*** Data extract ***
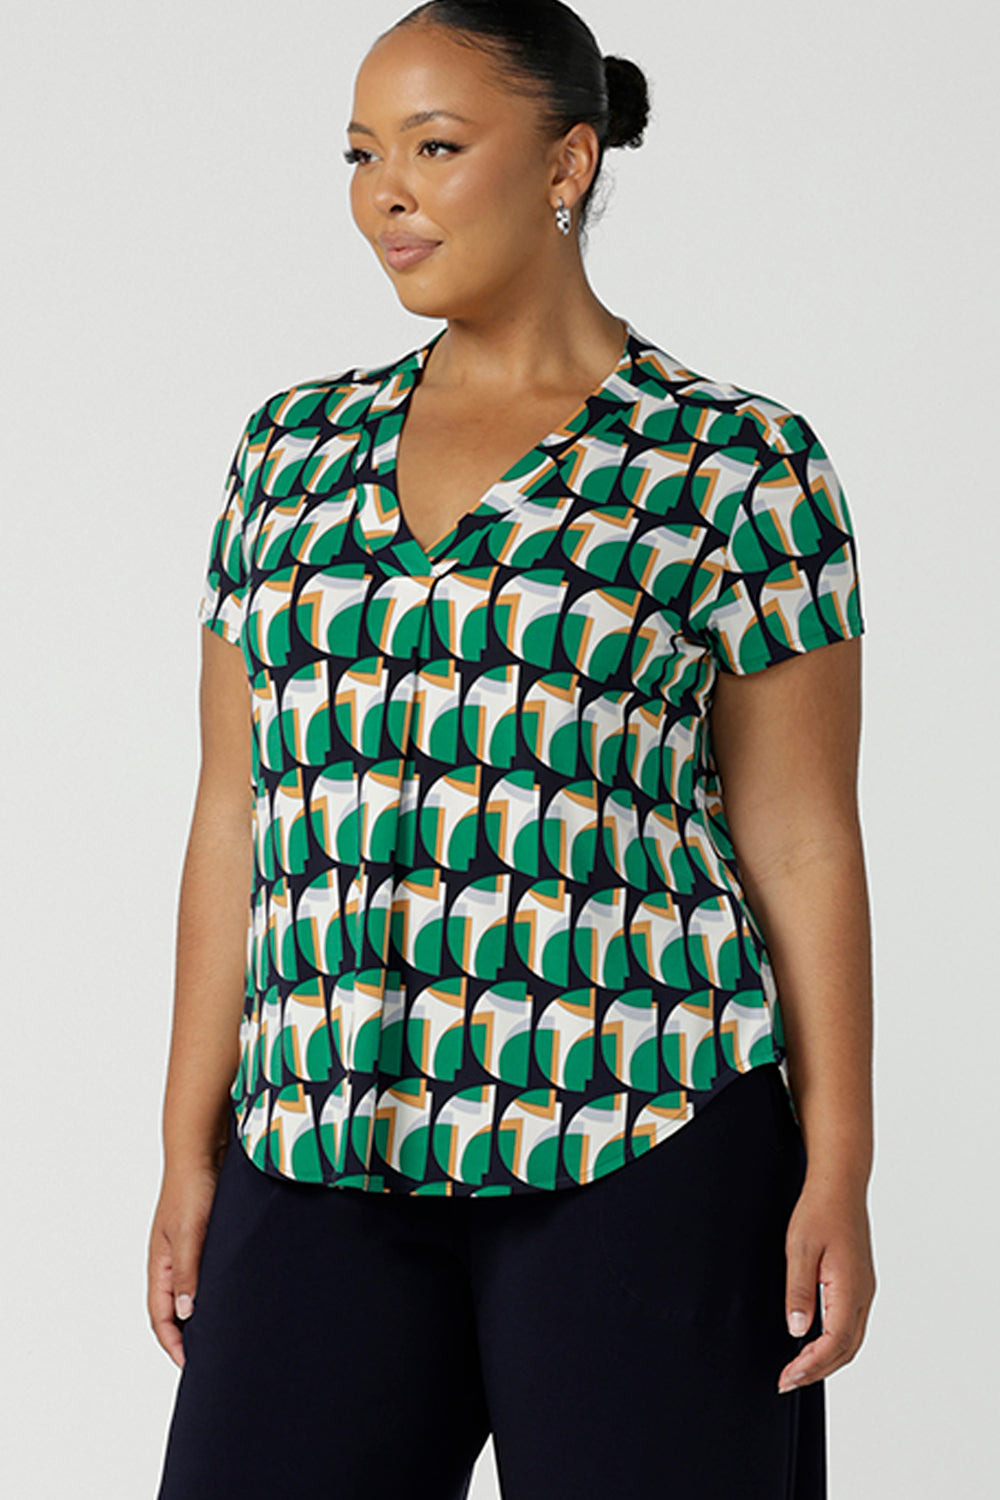 A curvy size 18 woman wears a v-neck short sleeve jersey top in a geometric print. She wears the top. Designed and made in Australia for petite to plus size women.
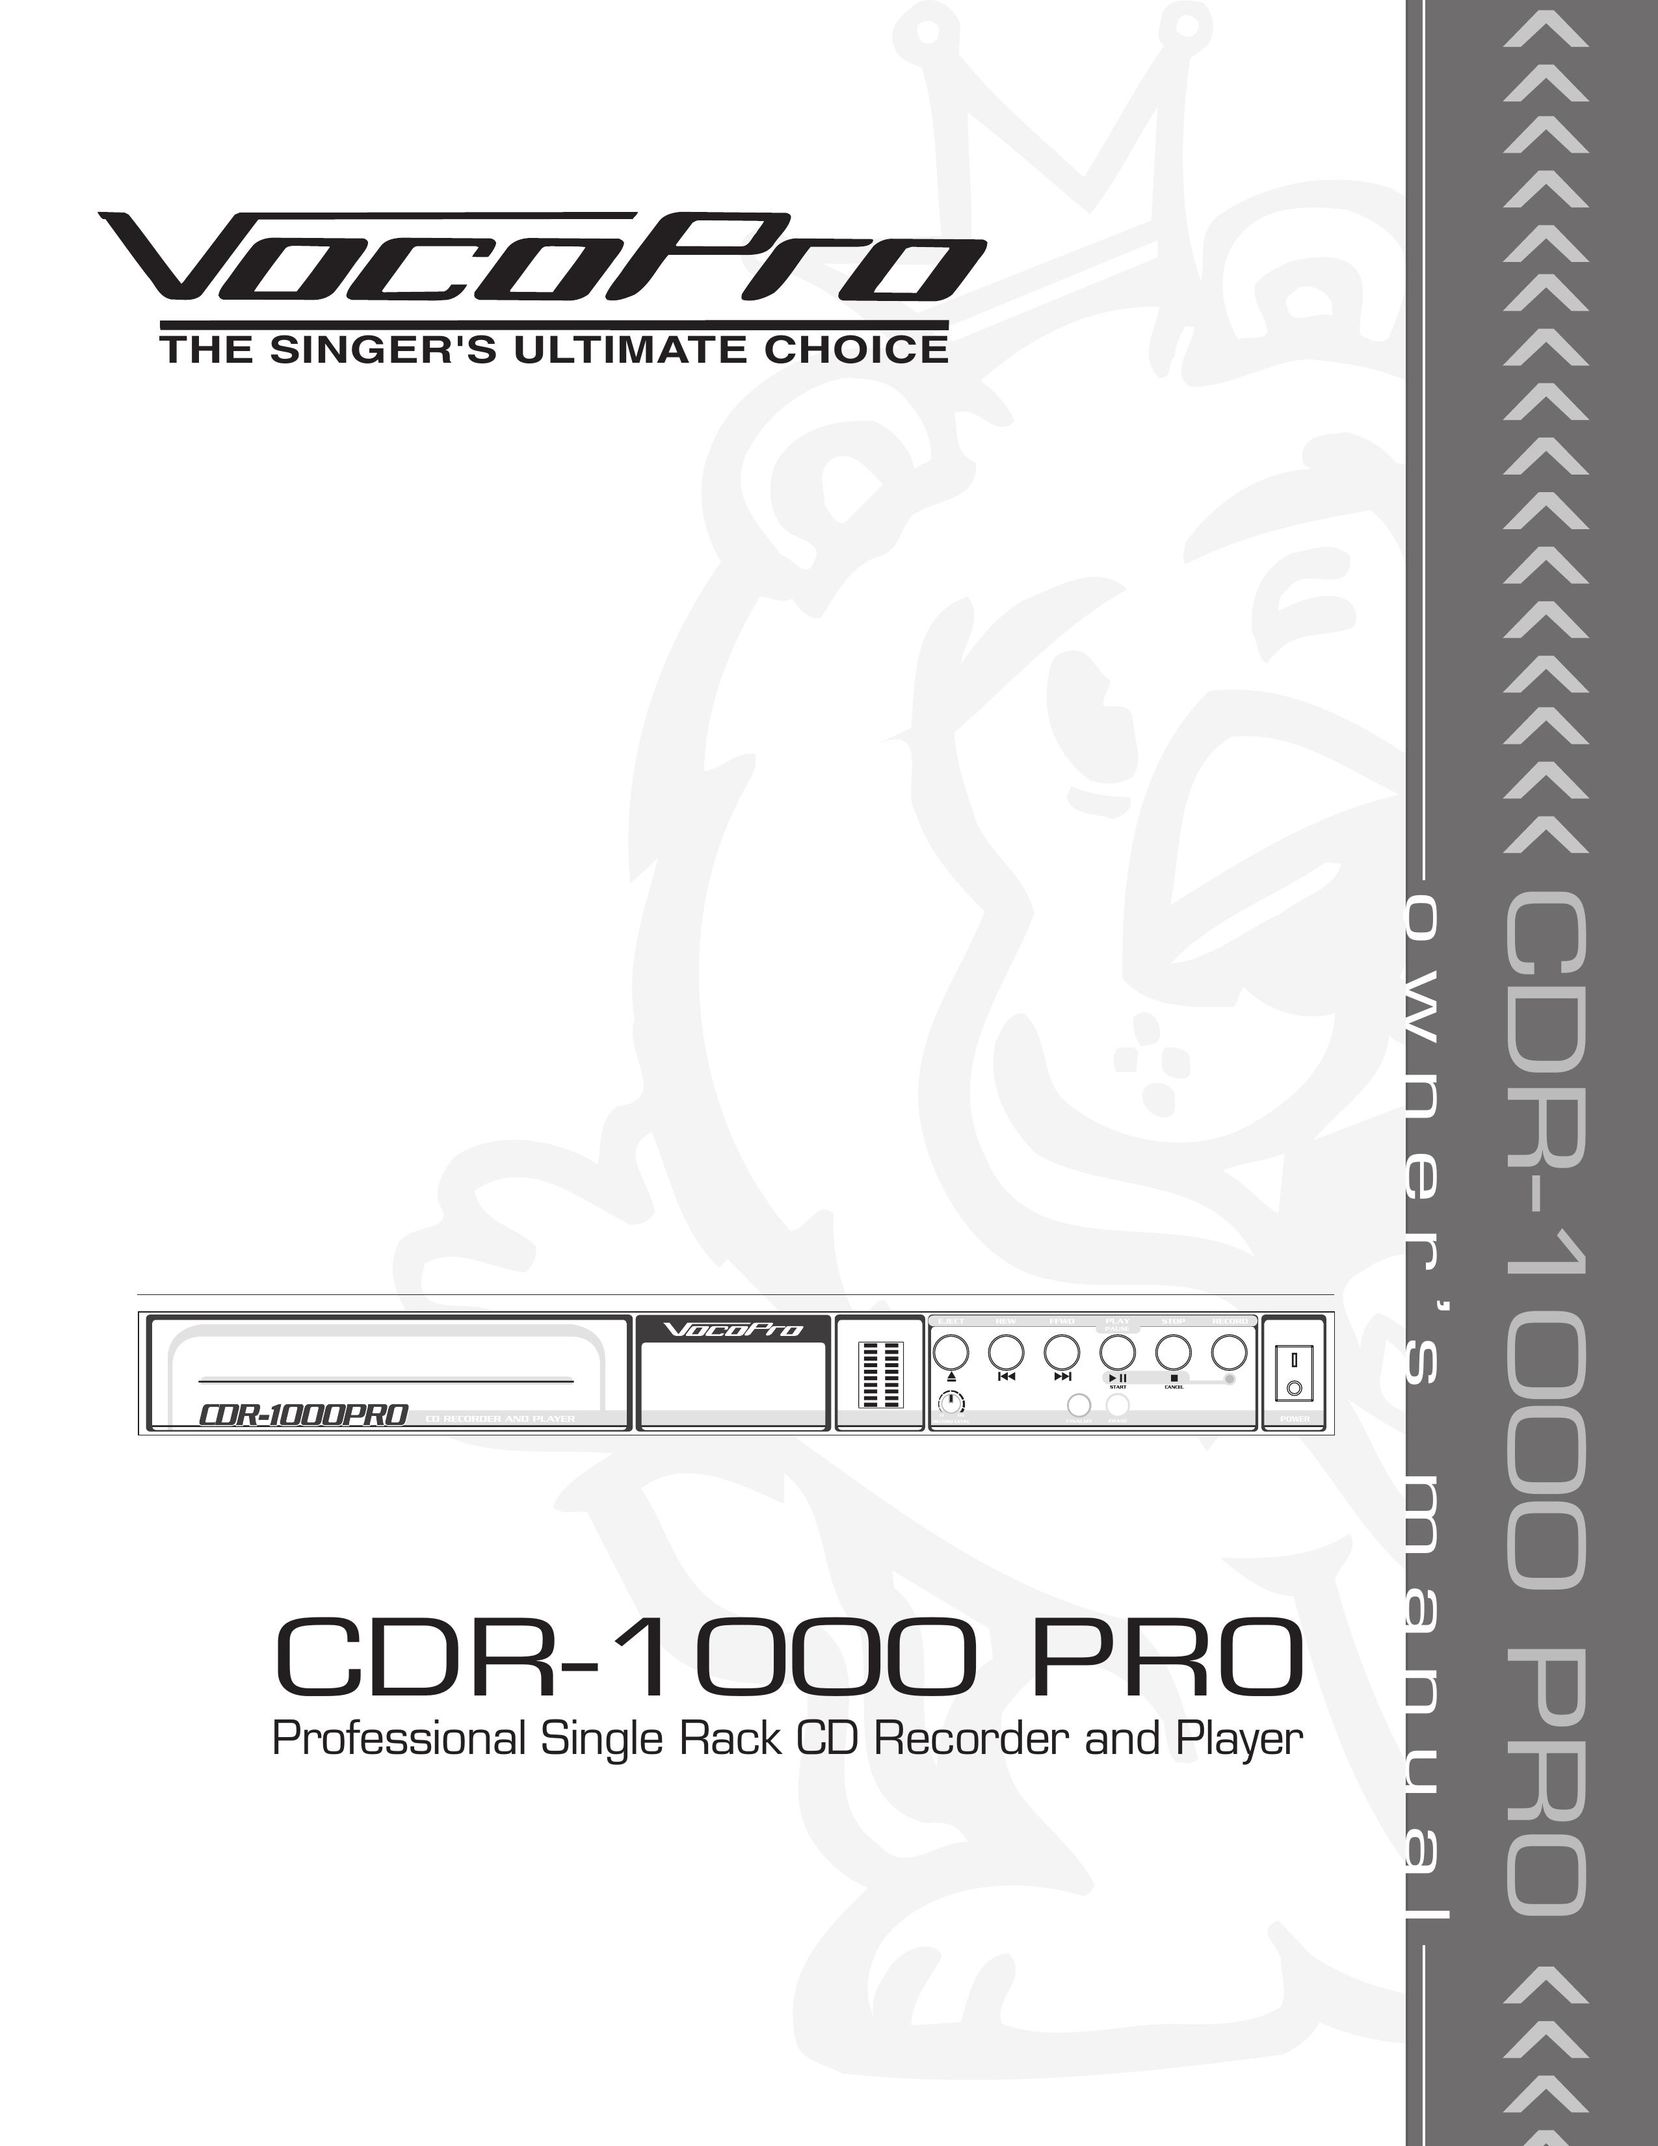 VocoPro CDR-1000 PRO CD Player User Manual
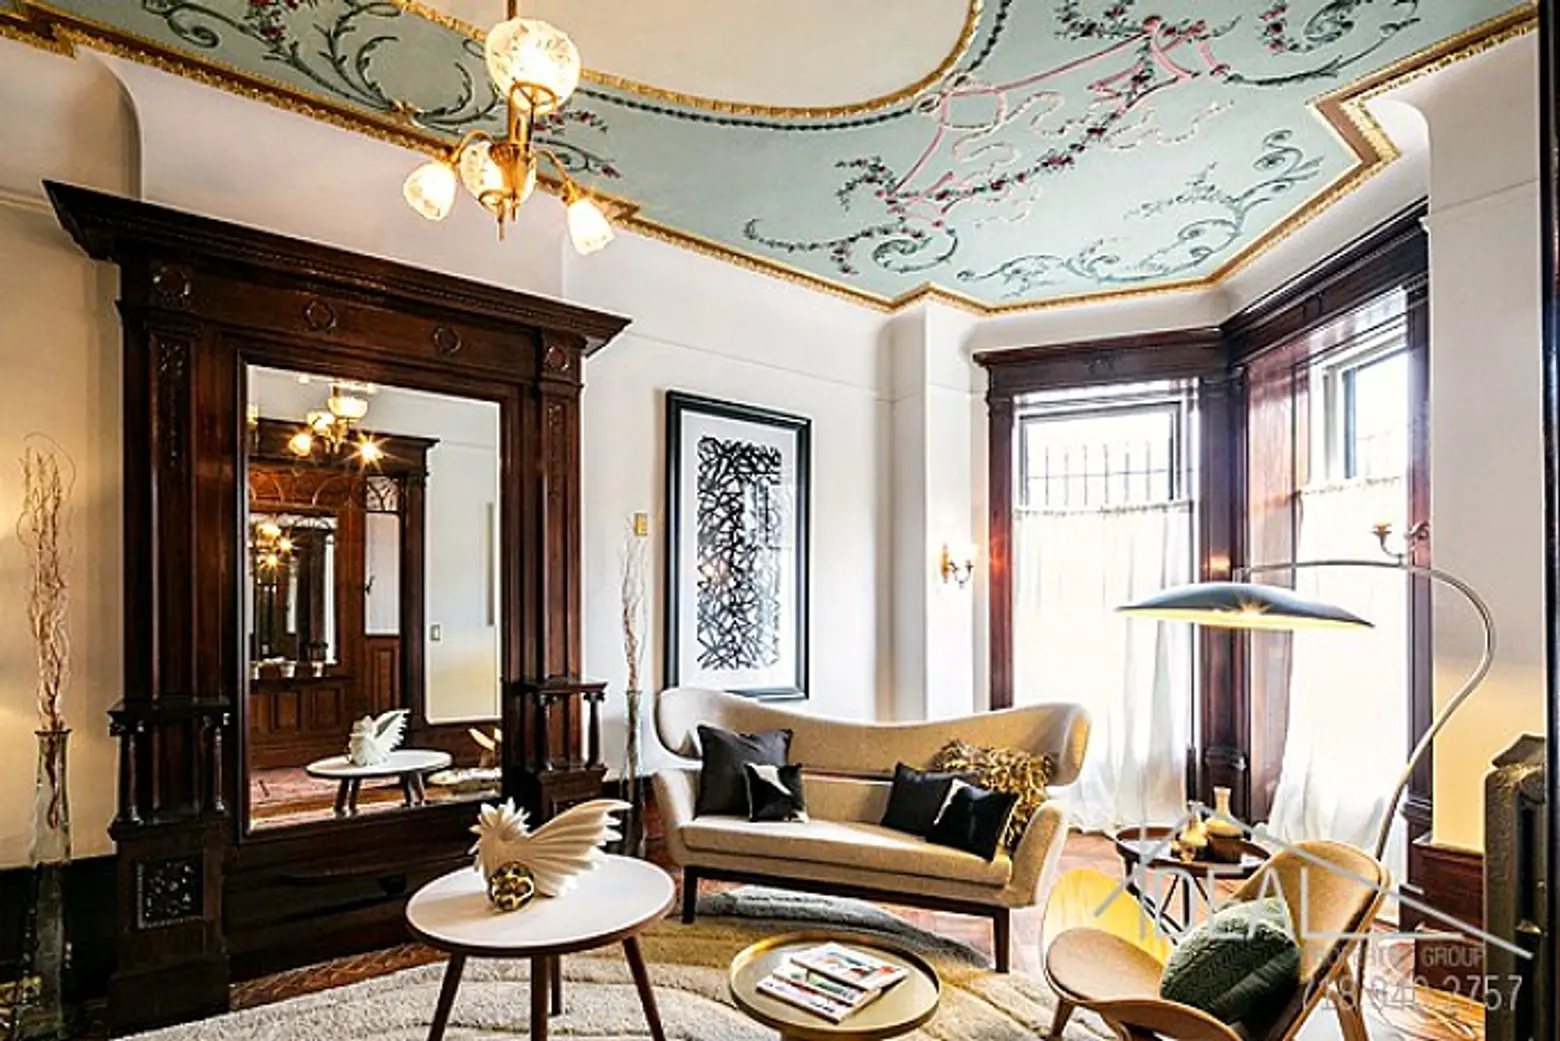 Spectacular Park Slope Mansion Comes with Private Parking and a Twice-Reduced Price
*** End of Data extract ***
◆ **Task requirements**: The preceding listing is to be restated word for word, with every picture omitted.

◆ **Result**:
 A curvy size 18 woman wears a v-neck short sleeve jersey top in a geometric print. She wears the top. Designed and made in Australia for petite to plus size women.
 VocoPro CDR-1000 PRO CD Player User Manual
 Spectacular Park Slope Mansion Comes with Private Parking and a Twice-Reduced Price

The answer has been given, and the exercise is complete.